Performance on large object tables [500K rows]

57 views
Skip to first unread message

Neville

unread,
May 25, 2008, 4:03:27 AM5/25/08
to Persevere
Just wondering about how Persevere [via JSONPath] handles sorting and
filtering on large database tables, MS SQL Server in particular.
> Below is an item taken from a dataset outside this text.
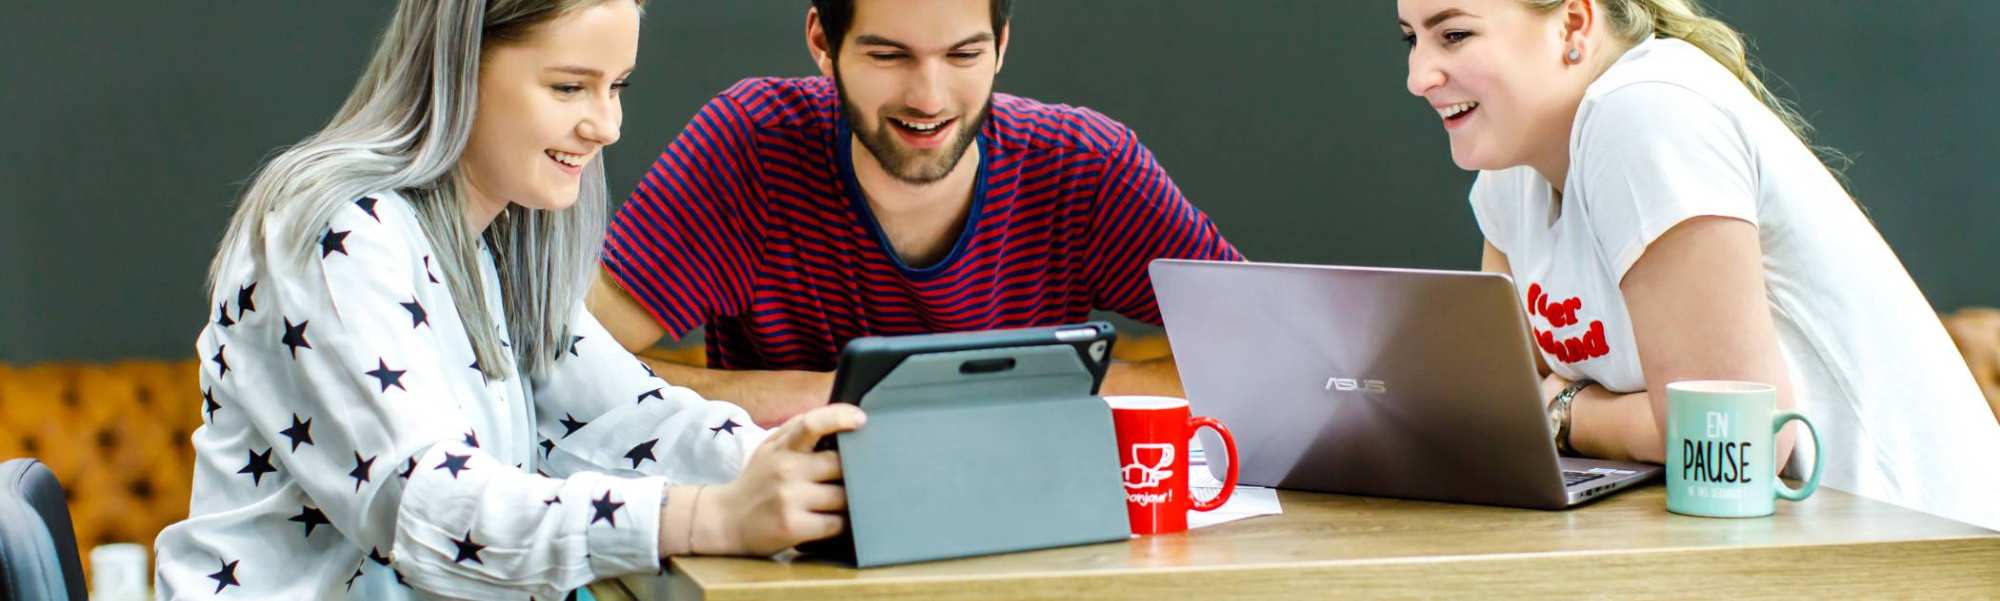 studenten met laptop en ipad

Our home grown JSON server, built on Ruby on Rails, provides very fast
access to a 500,000 row table for a limited sort and filter set,
because Rails essentially generates SQL which can be tuned to use
indexes, foreign keys.

In particular I am keen to have the same type of performance [because
Persevere is generating similar SQL] for:

1) JSONPath filters and sorting on simple database column expressions
2) Set Pagination, ie via HTTP Range Headers

Item 1) should be ok if Persevere attempts to construct an SQL which
includes as much of the filter/where expression as possible, and as
much of the sort expression as possible. For complex filters, this
might mean performing a second filter pass on the SQL result set
within Persevere I think.

Item 2) is harder, as some SQL databases, SQL Server included, dont
support LIMIT and OFFSET which are needed for pagination by the
database server. The Rails SQL Server Adapter emulates LIMIT and
OFFSET via some SQL "gymnastics" [which I can detail if desired] and
pagination performance on a large dataset is very good.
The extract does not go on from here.